U.S. Government Workshttps://www.usa.gov/government-works
License information was derived automatically
Note: Due to the RMS change for CPS, this data set stops on 6/2/2024. For records beginning on 6/3/2024, please see the dataset at this link: https://data.cincinnati-oh.gov/safety/Reported-Crime-STARS-Category-Offenses-/7aqy-xrv9/about_data
The combined data will be available by 3/10/2025 at the linke above.
Data Description: This data represents reported Crime Incidents in the City of Cincinnati. Incidents are the records, of reported crimes, collated by an agency for management. Incidents are typically housed in a Records Management System (RMS) that stores agency-wide data about law enforcement operations. This does not include police calls for service, arrest information, final case determination, or any other incident outcome data.
Data Creation: The Cincinnati Police Department's (CPD) records crime incidents in the City through Records Management System (RMS) that stores agency-wide data about law enforcement operations.
Data Created By: The source of this data is the Cincinnati Police Department.
Refresh Frequency: This data is updated daily.
CincyInsights: The City of Cincinnati maintains an interactive dashboard portal, CincyInsights in addition to our Open Data in an effort to increase access and usage of city data.
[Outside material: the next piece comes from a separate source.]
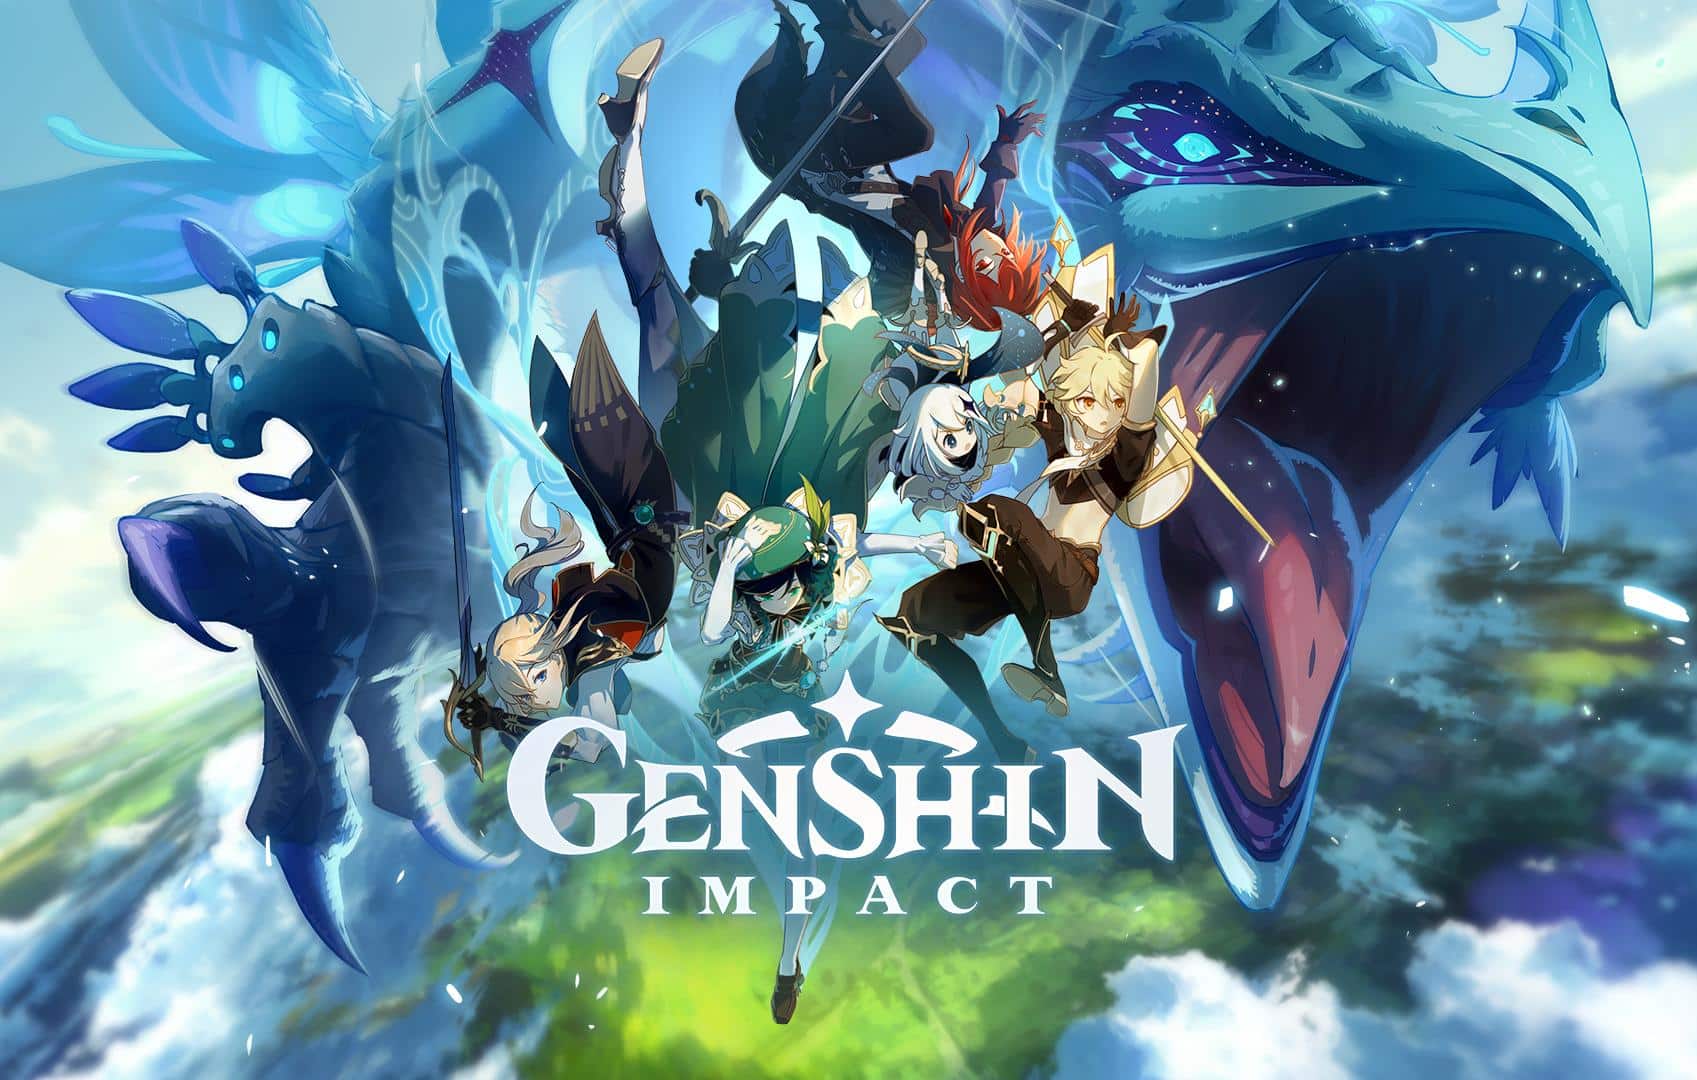 Genshin Impact': como baixar o jogo em smartphones Android - Olhar Digital

This data set has an associated dashboard available here: https://insights.cincinnati-oh.gov/stories/s/8eaa-xrvz
Data Dictionary: A data dictionary providing definitions of columns and attributes is available as an attachment to this dataset.
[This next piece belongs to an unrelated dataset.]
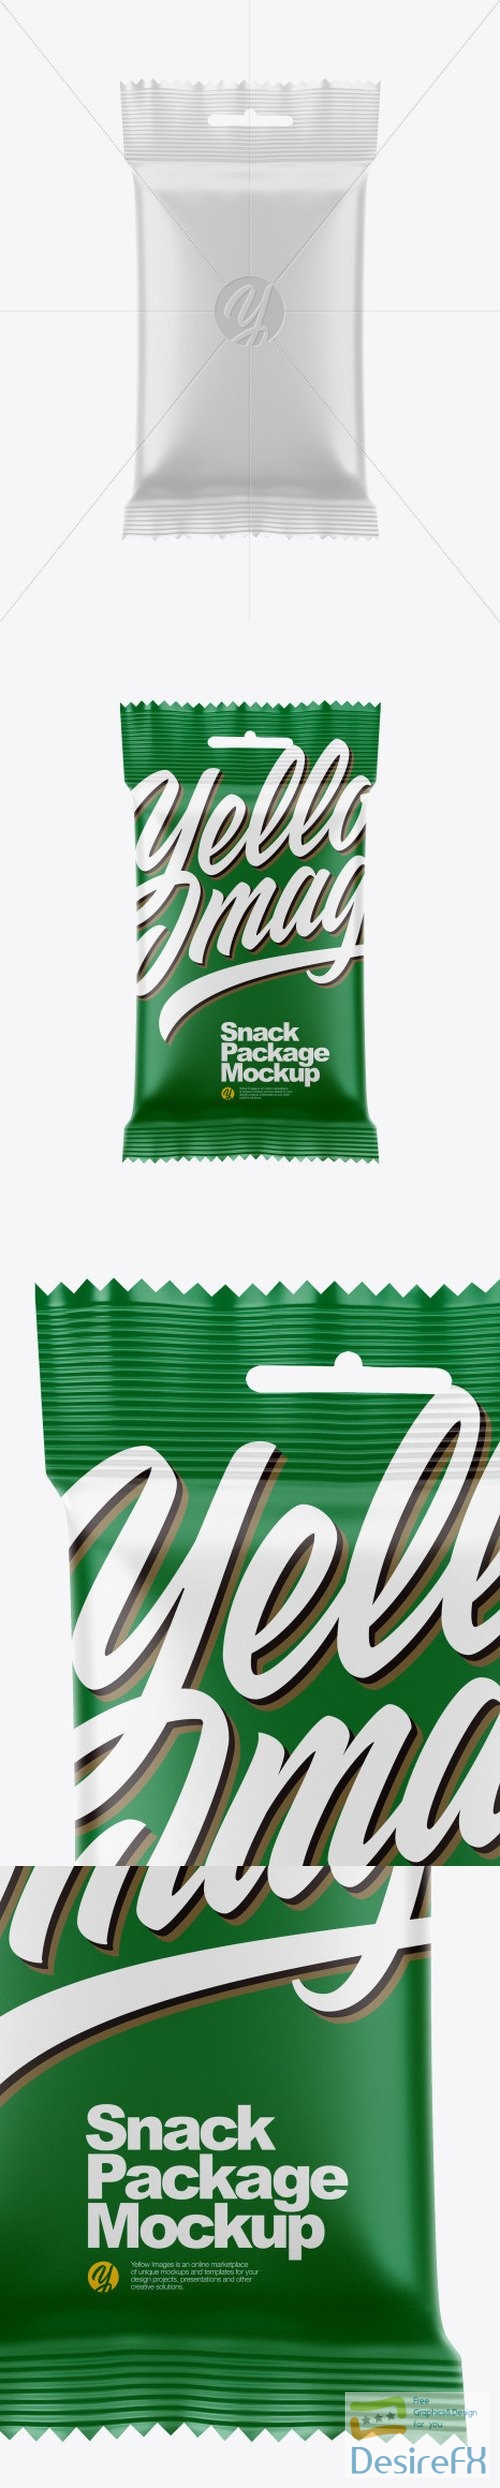 Snack Package Mockup 50399

Processing: The City of Cincinnati is committed to providing the most granular and accurate data possible. In that pursuit the Office of Performance and Data Analytics facilitates standard processing to most raw data prior to publication. Processing includes but is not limited: address verification, geocoding, decoding attributes, and addition of administrative areas (i.e. Census, neighborhoods, police districts, etc.).
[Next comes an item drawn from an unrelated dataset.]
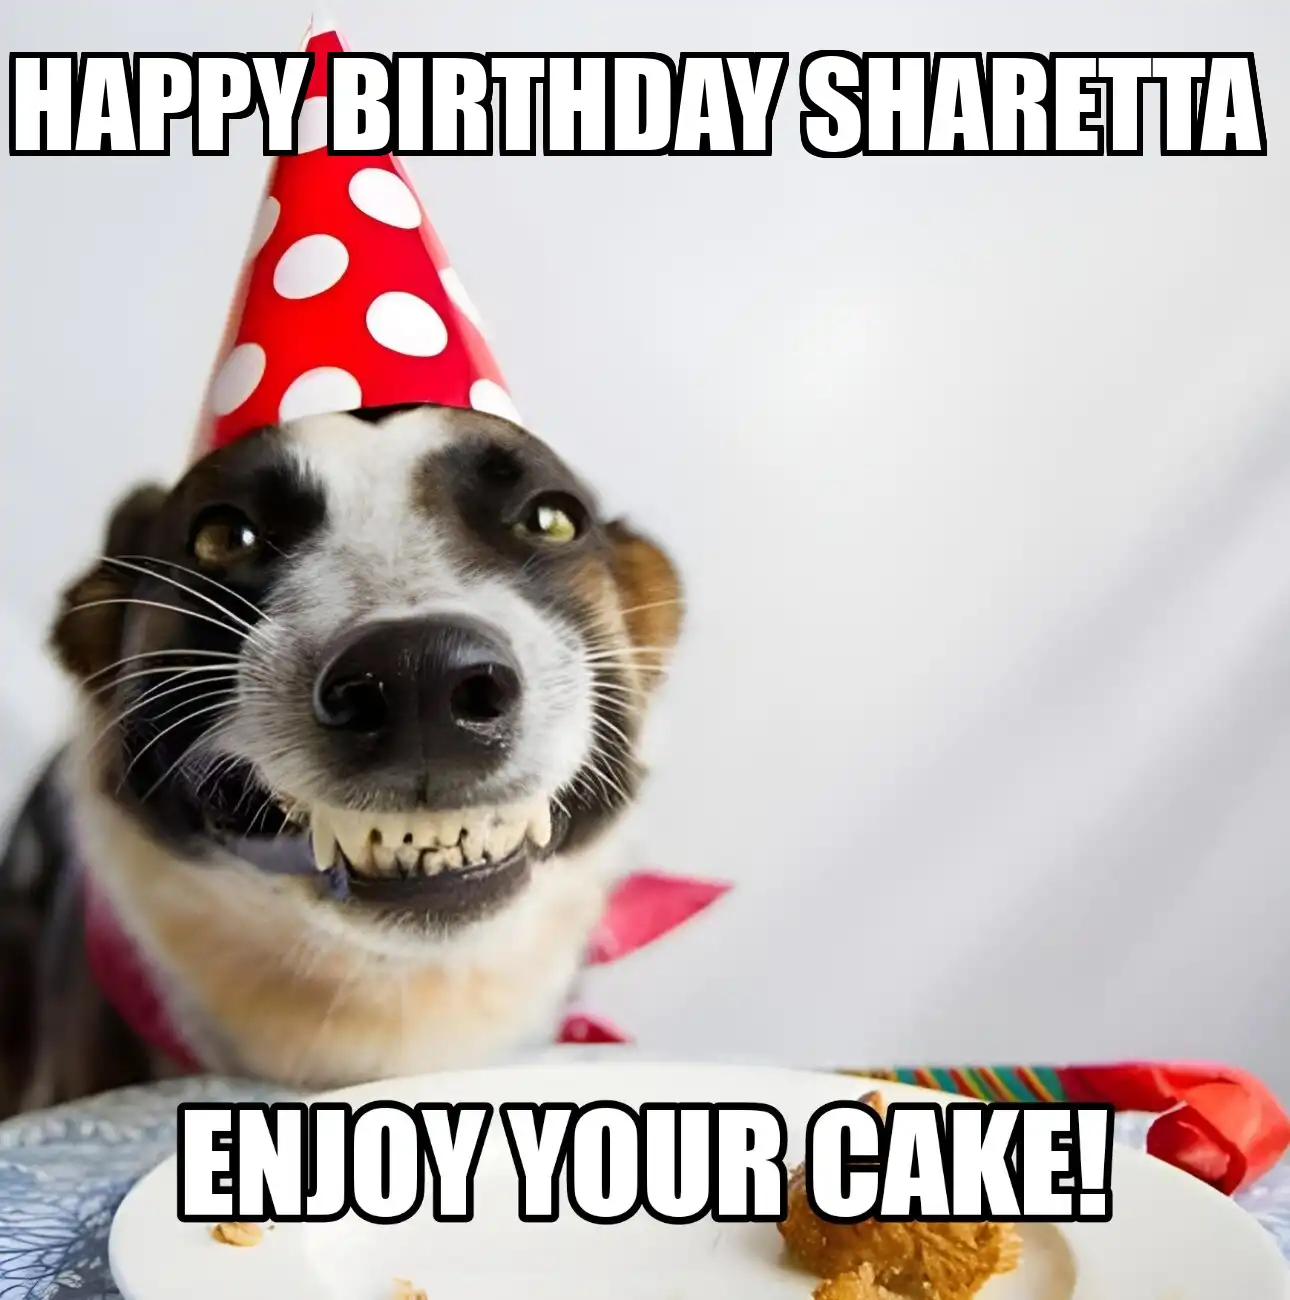 Happy Birthday Sharetta Enjoy Your Cake Dog Meme

Data Usage: For directions on downloading and using open data please visit our How-to Guide: https://data.cincinnati-oh.gov/dataset/Open-Data-How-To-Guide/gdr9-g3ad
Disclaimer: In compliance with privacy laws, all Public Safety datasets are anonymized and appropriately redacted prior to publication on the City of Cincinnati’s Open Data Portal. This means that for all public safety datasets: (1) the last two digits of all addresses have been replaced with “XX,” and in cases where there is a single digit street address, the entire address number is replaced with "X"; and (2) Latitude and Longitude have been randomly skewed to represent values within the same block area (but not the exact location) of the incident.